### PROBLEM TO SOLVE
Beginning at the line containing "Hama Funk-Wecker Digital", repeat each line below exactly up to and including the line containing "Demon Slayer: Kimetsu". Do not repeat the pictures.

== INPUT FOR THIS TASK ==

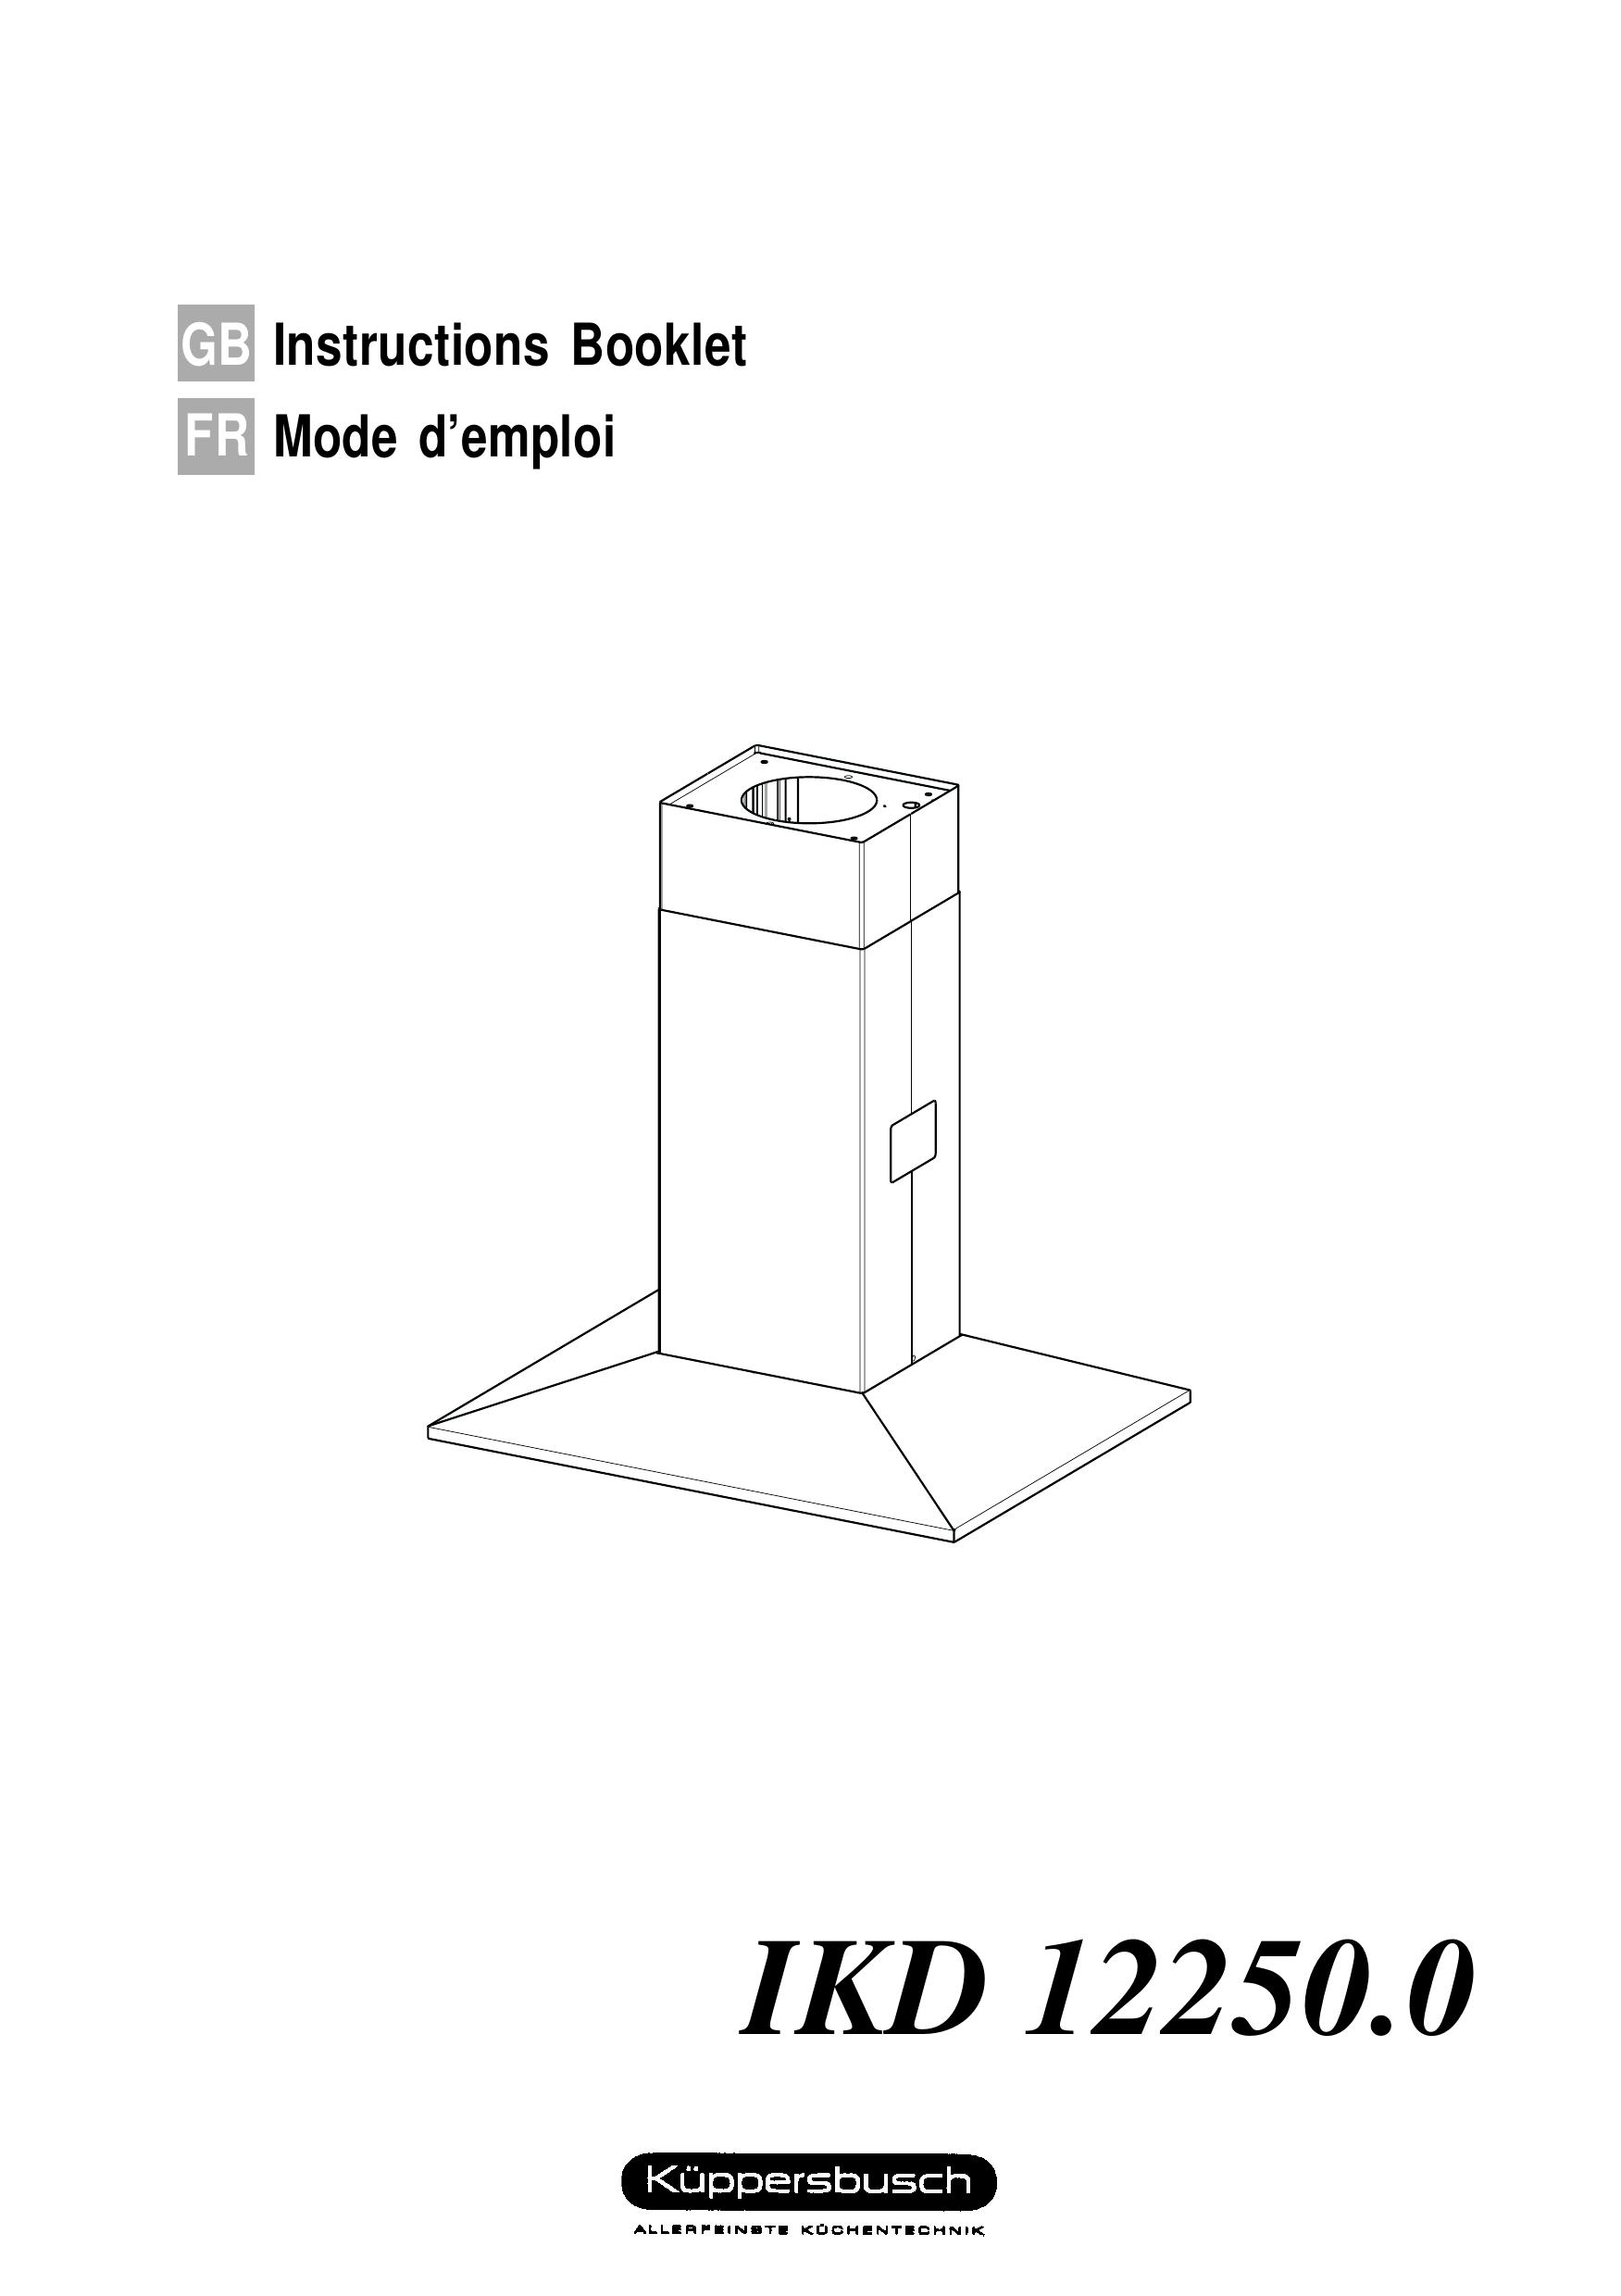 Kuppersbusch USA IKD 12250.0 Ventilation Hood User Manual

===
== INPUT FOR THIS TASK ==

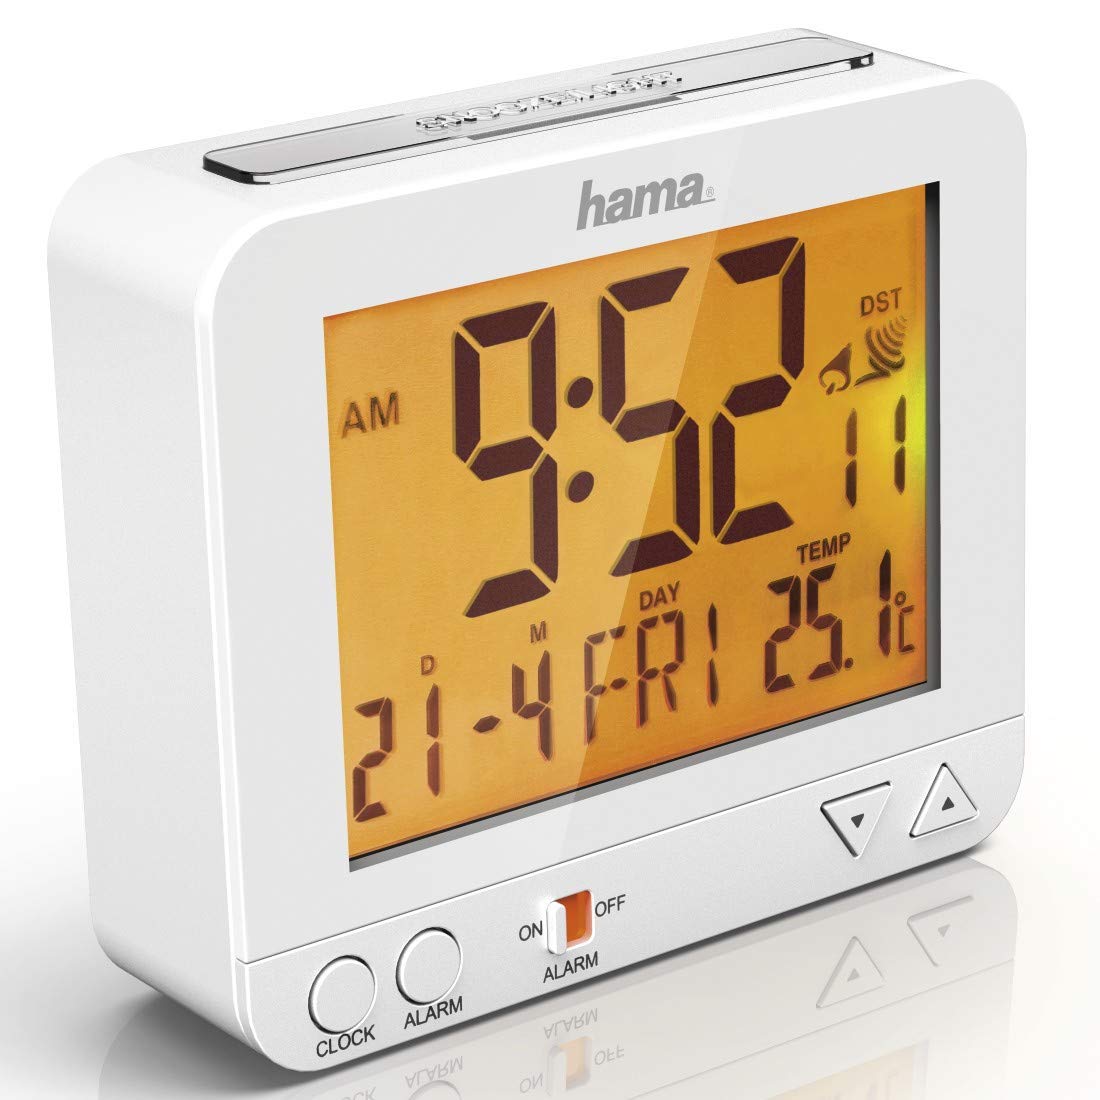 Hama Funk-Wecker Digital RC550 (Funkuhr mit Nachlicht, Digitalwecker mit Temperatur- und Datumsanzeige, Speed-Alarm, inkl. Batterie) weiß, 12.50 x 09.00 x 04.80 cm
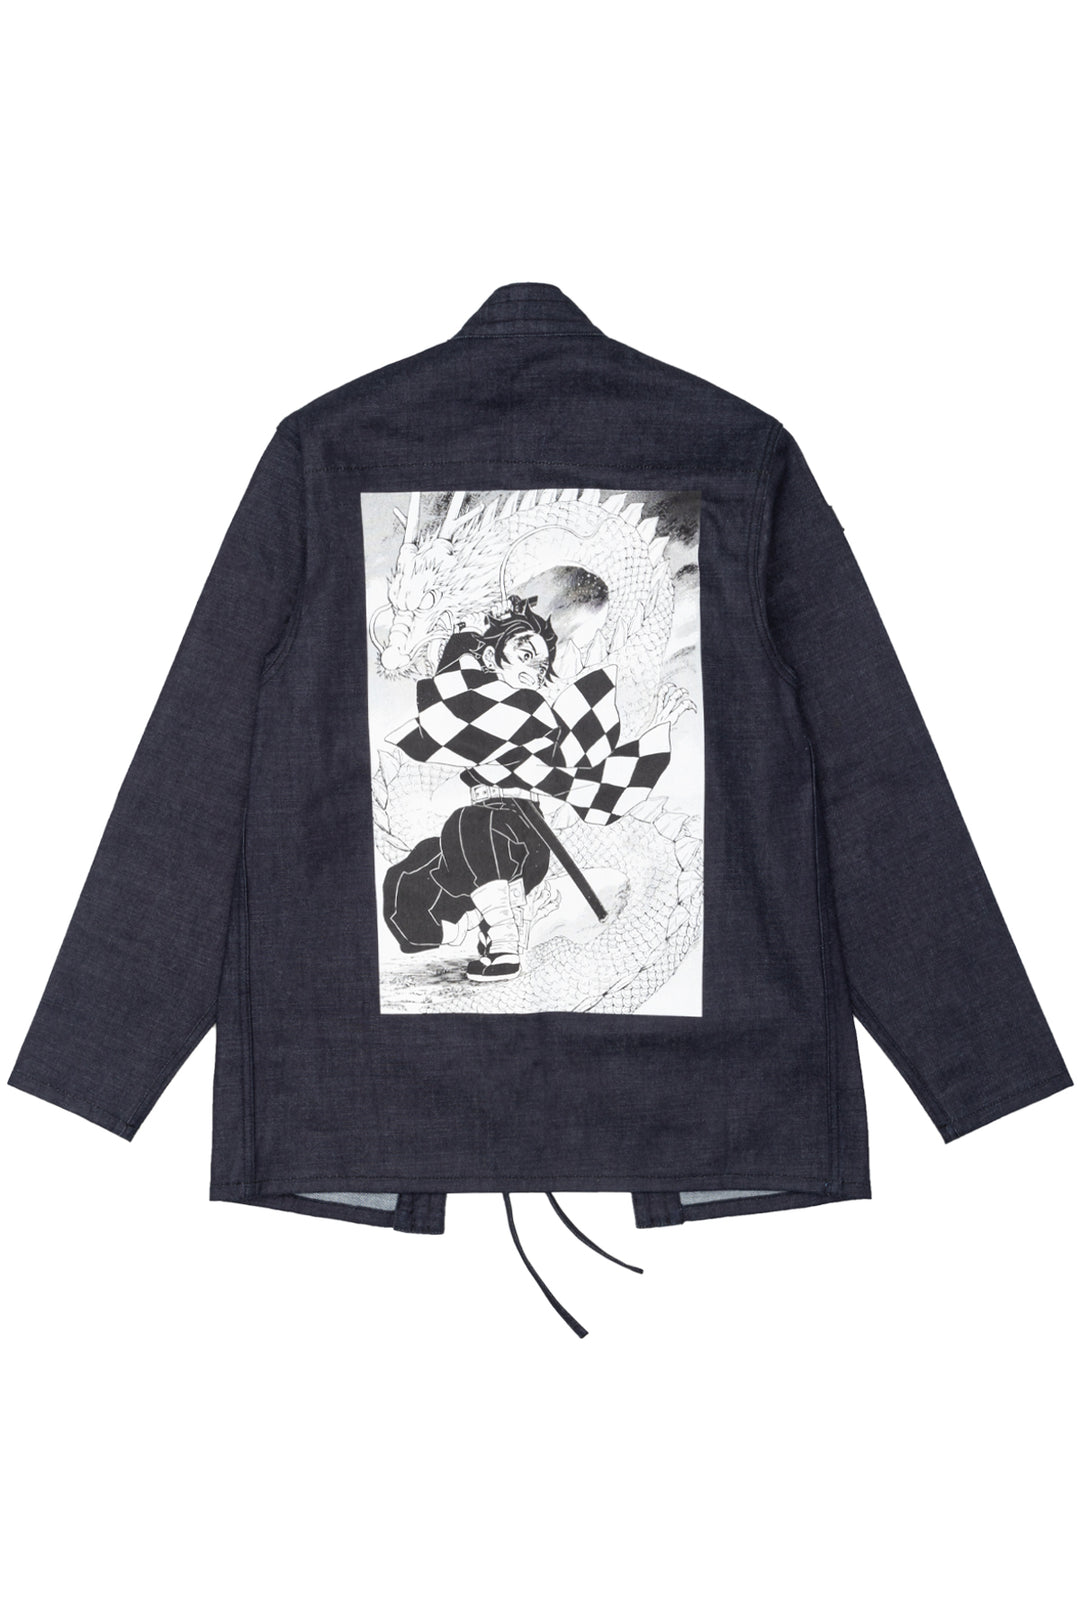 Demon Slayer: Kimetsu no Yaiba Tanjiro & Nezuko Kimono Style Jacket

===
== INPUT FOR THIS TASK ==

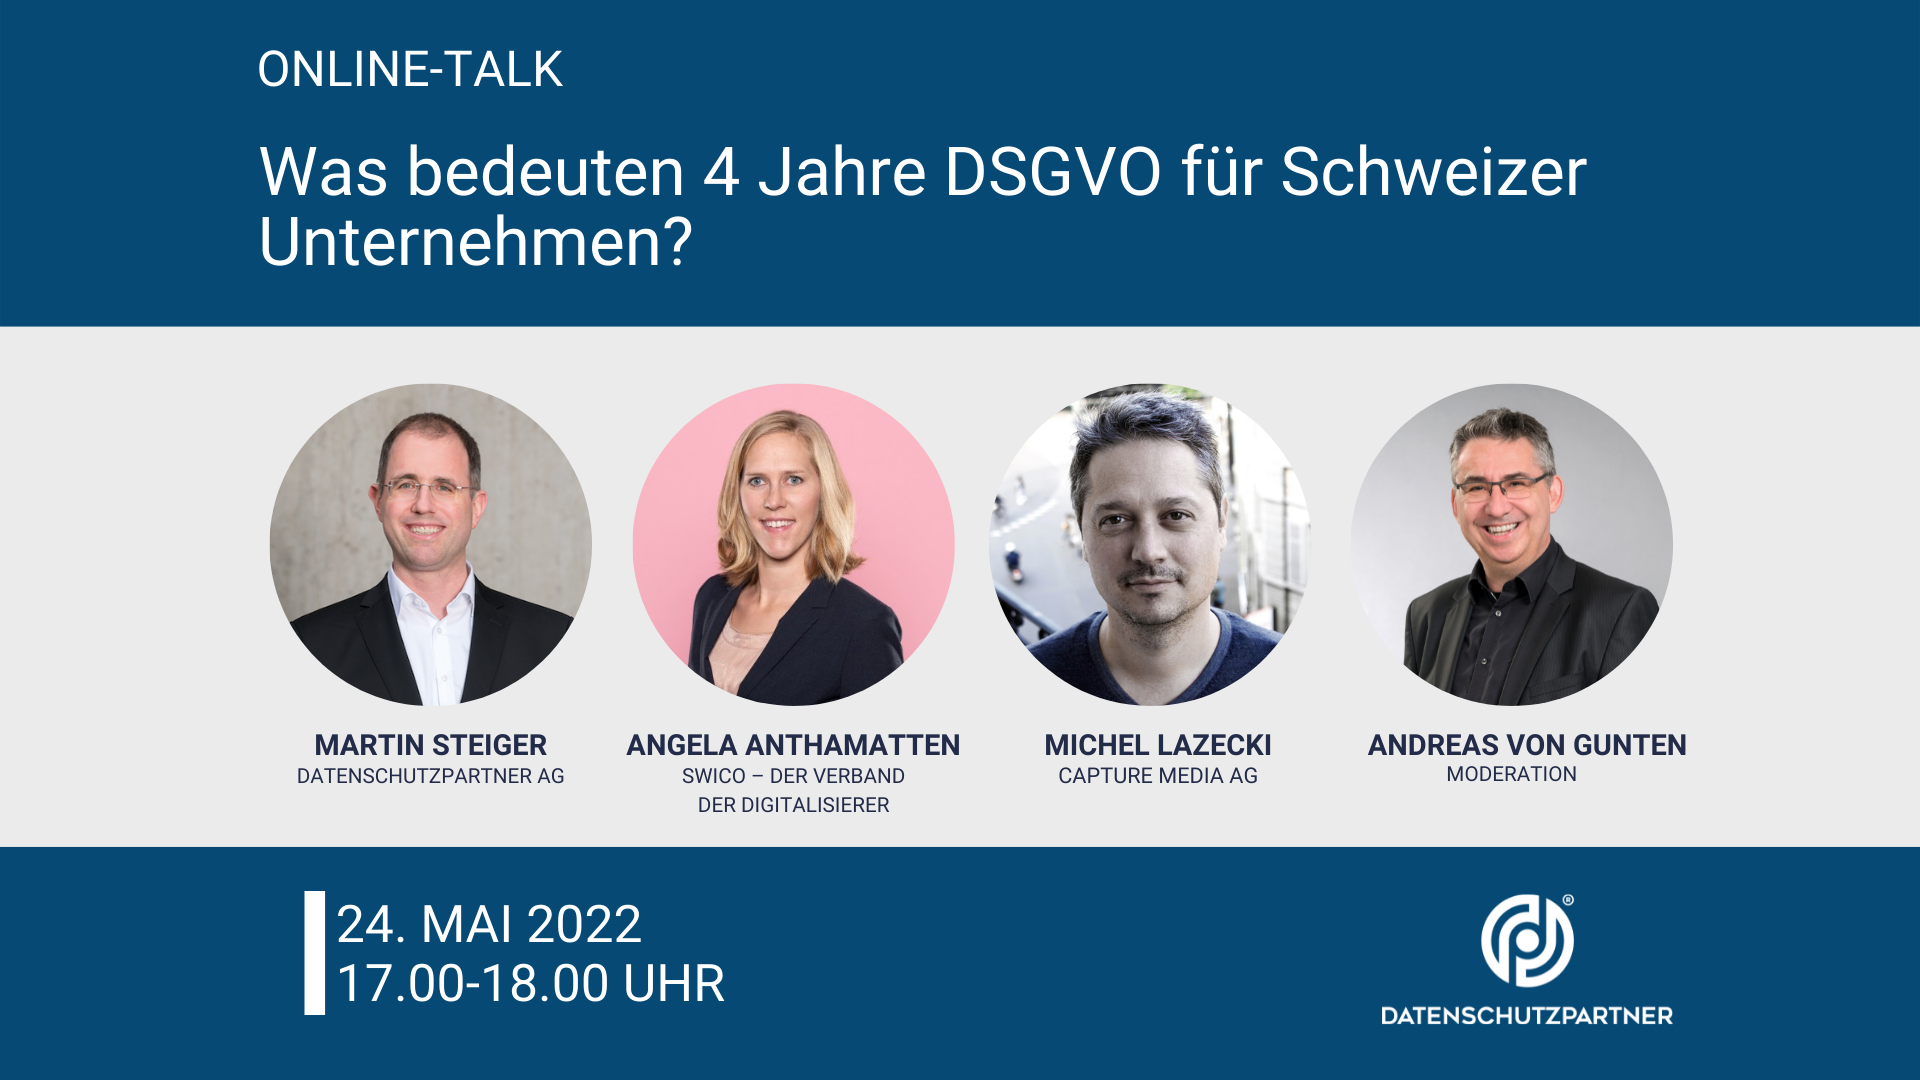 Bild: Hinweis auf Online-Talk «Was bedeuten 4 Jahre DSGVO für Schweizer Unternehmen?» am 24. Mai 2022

===

### TASK RESULT
 Hama Funk-Wecker Digital RC550 (Funkuhr mit Nachlicht, Digitalwecker mit Temperatur- und Datumsanzeige, Speed-Alarm, inkl. Batterie) weiß, 12.50 x 09.00 x 04.80 cm
 Demon Slayer: Kimetsu no Yaiba Tanjiro & Nezuko Kimono Style Jacket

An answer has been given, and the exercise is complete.